The Decision That Makes or Breaks DynamoDB

Every DynamoDB implementation rises or falls on a single decision: partition key design.

This isn't hyperbole. I've witnessed systems handling 100,000 requests per second with rock-solid sub-5ms latency—and I've seen systems throttle at 1,000 requests per second while burning money on unused capacity. The difference? Not hardware, not configuration, not code optimization. The difference was partition key selection.

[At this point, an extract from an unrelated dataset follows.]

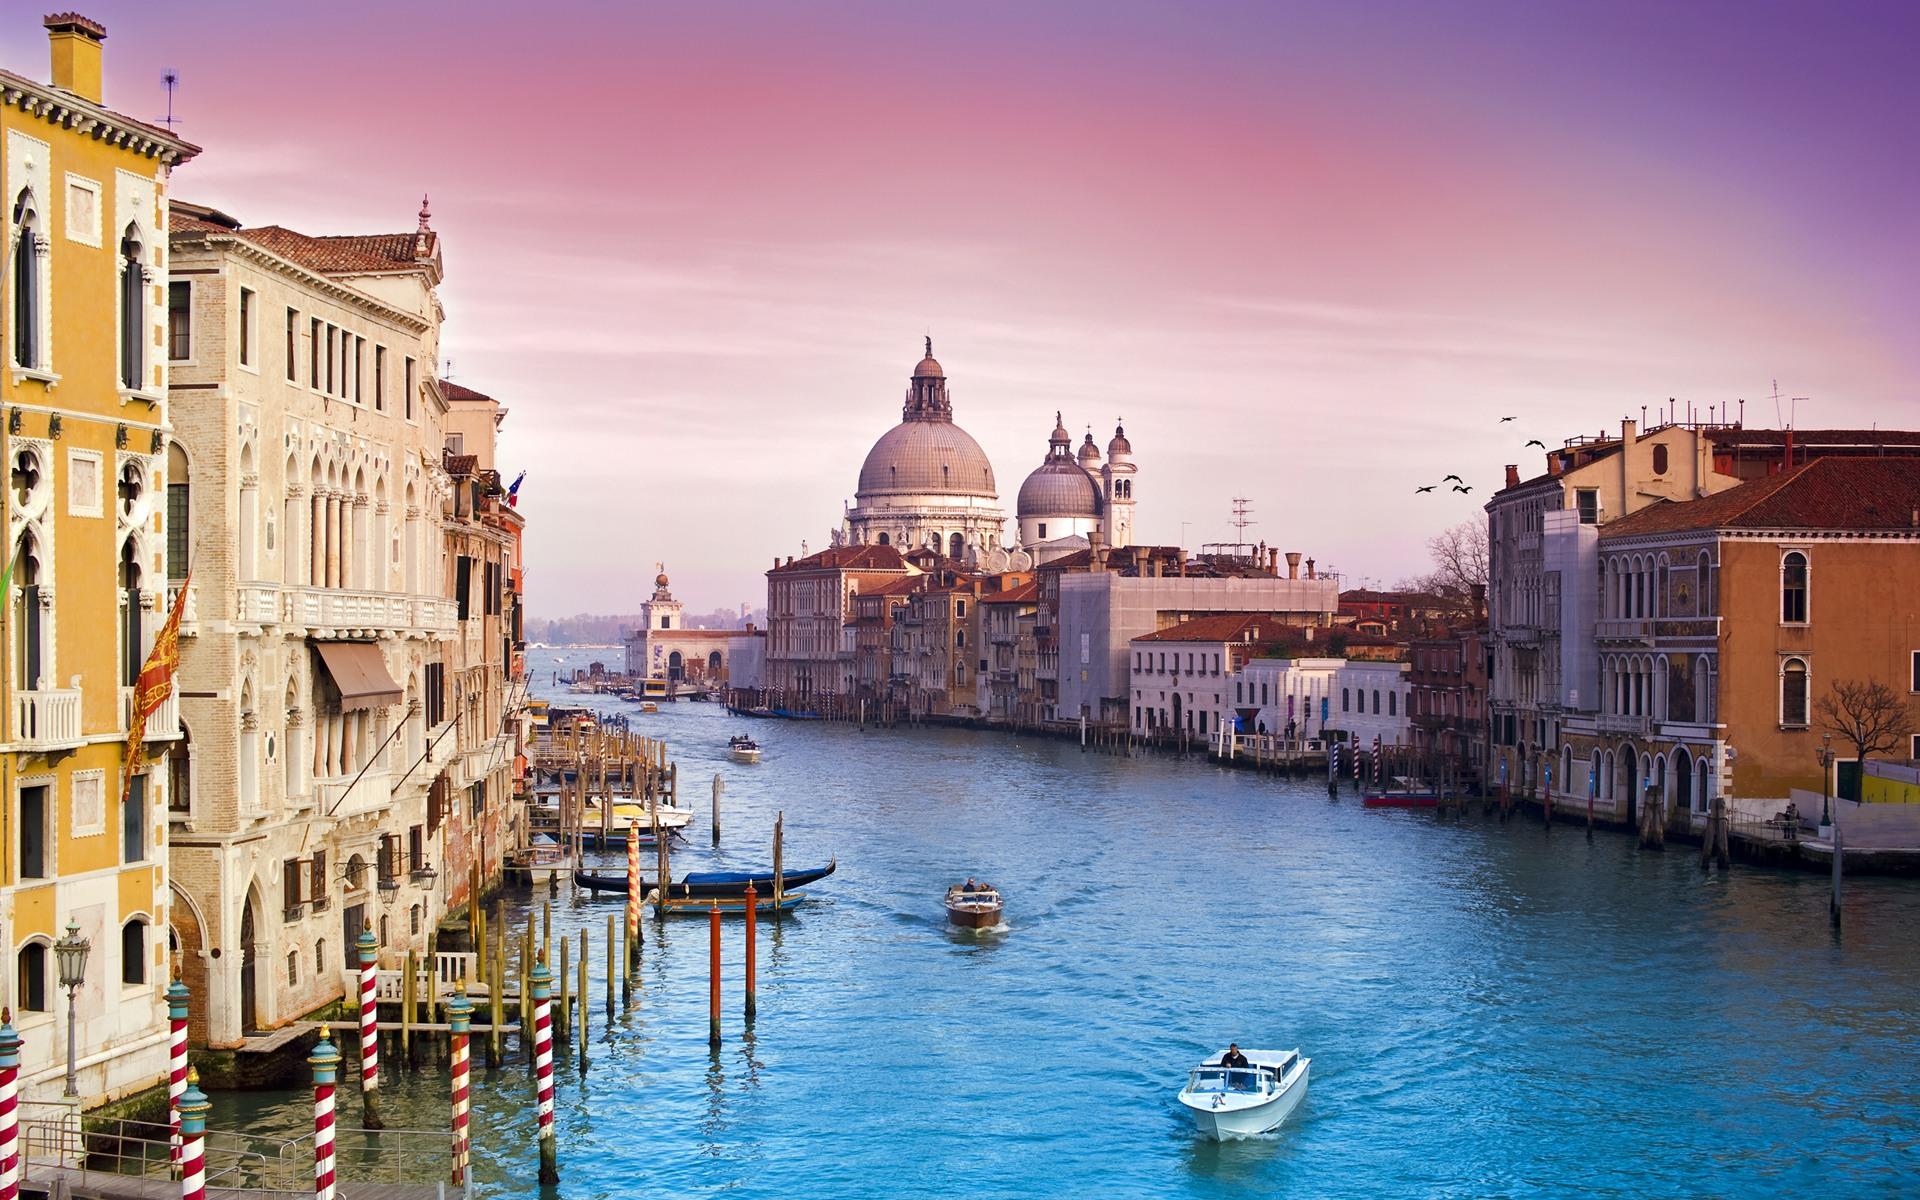 Venice-(Italy).jpg
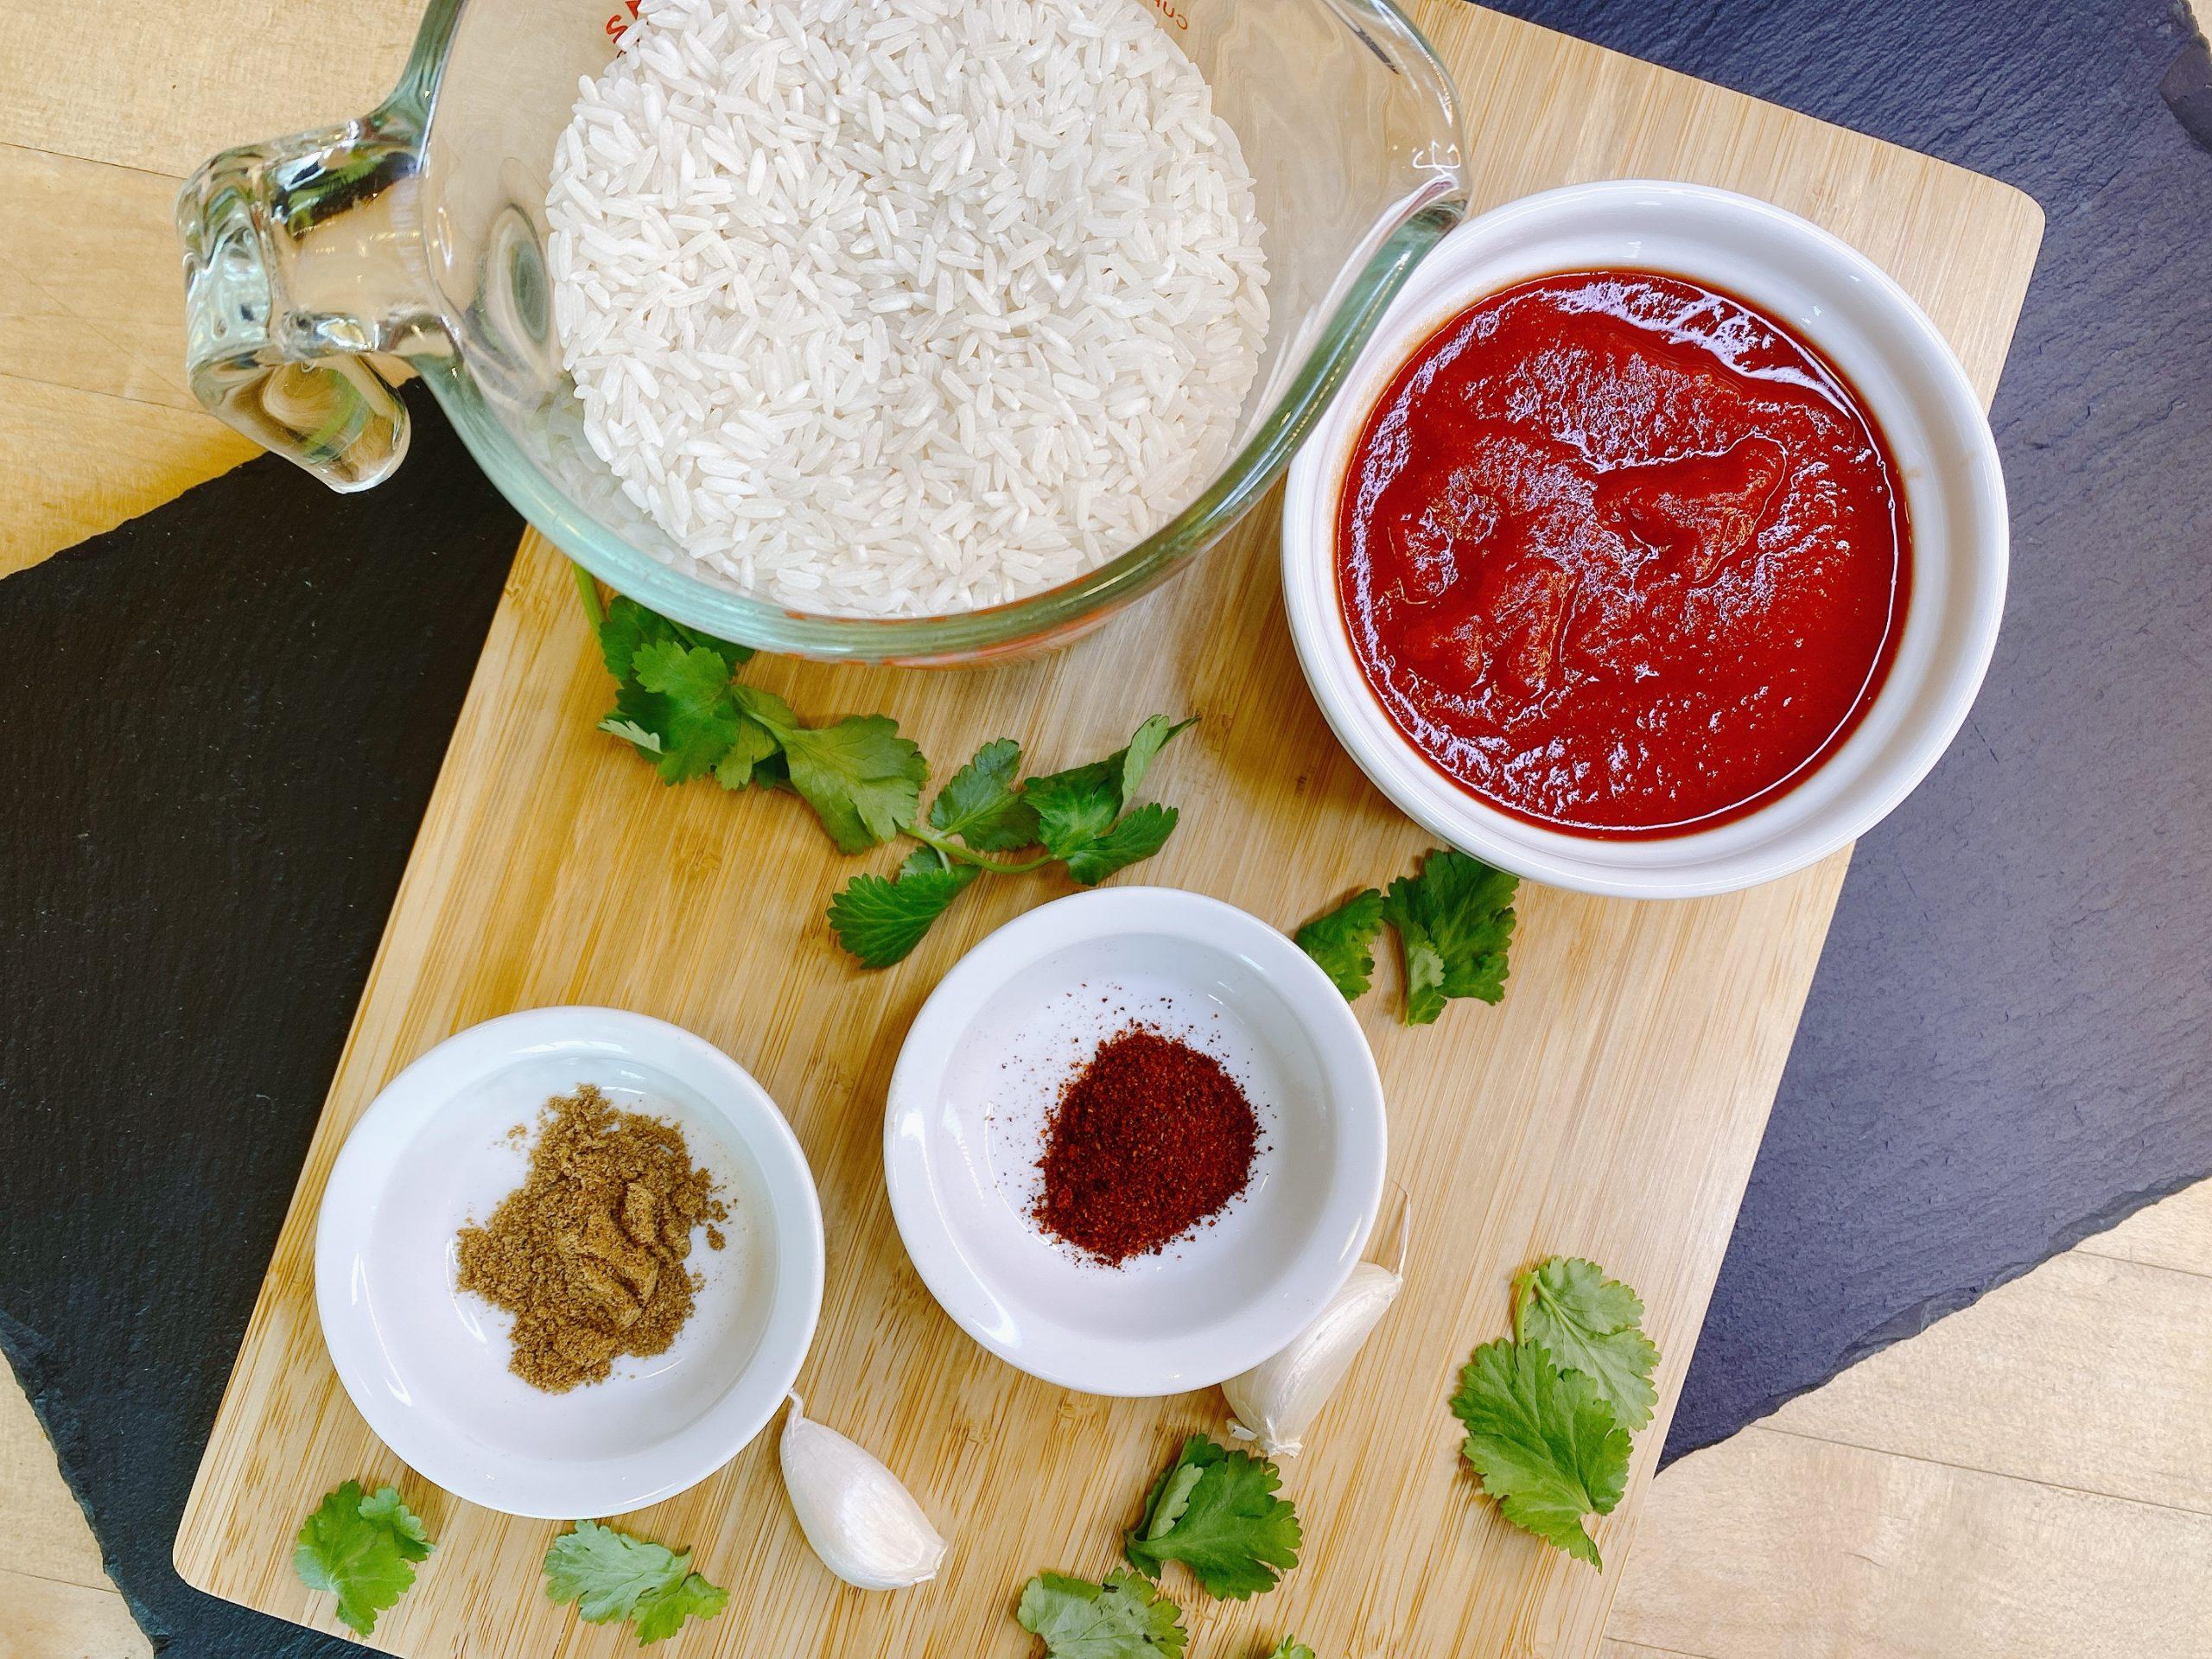 bowls of raw rice, tomato sauce, chili powder and cumin

The partition key is DynamoDB's fundamental distribution mechanism. It determines which physical partition stores your data, how load is distributed across the cluster, and ultimately whether your system can scale. Choose wisely, and DynamoDB scales linearly with your traffic. Choose poorly, and you create hot partitions that become bottlenecks no amount of provisioned capacity can fix.

What You Will Learn

By the end of this page, you will understand how partition keys determine data distribution, the mathematics of partition capacity limits, strategies for designing high-cardinality keys, techniques for handling low-cardinality data, and advanced patterns like write sharding that unlock unlimited scale.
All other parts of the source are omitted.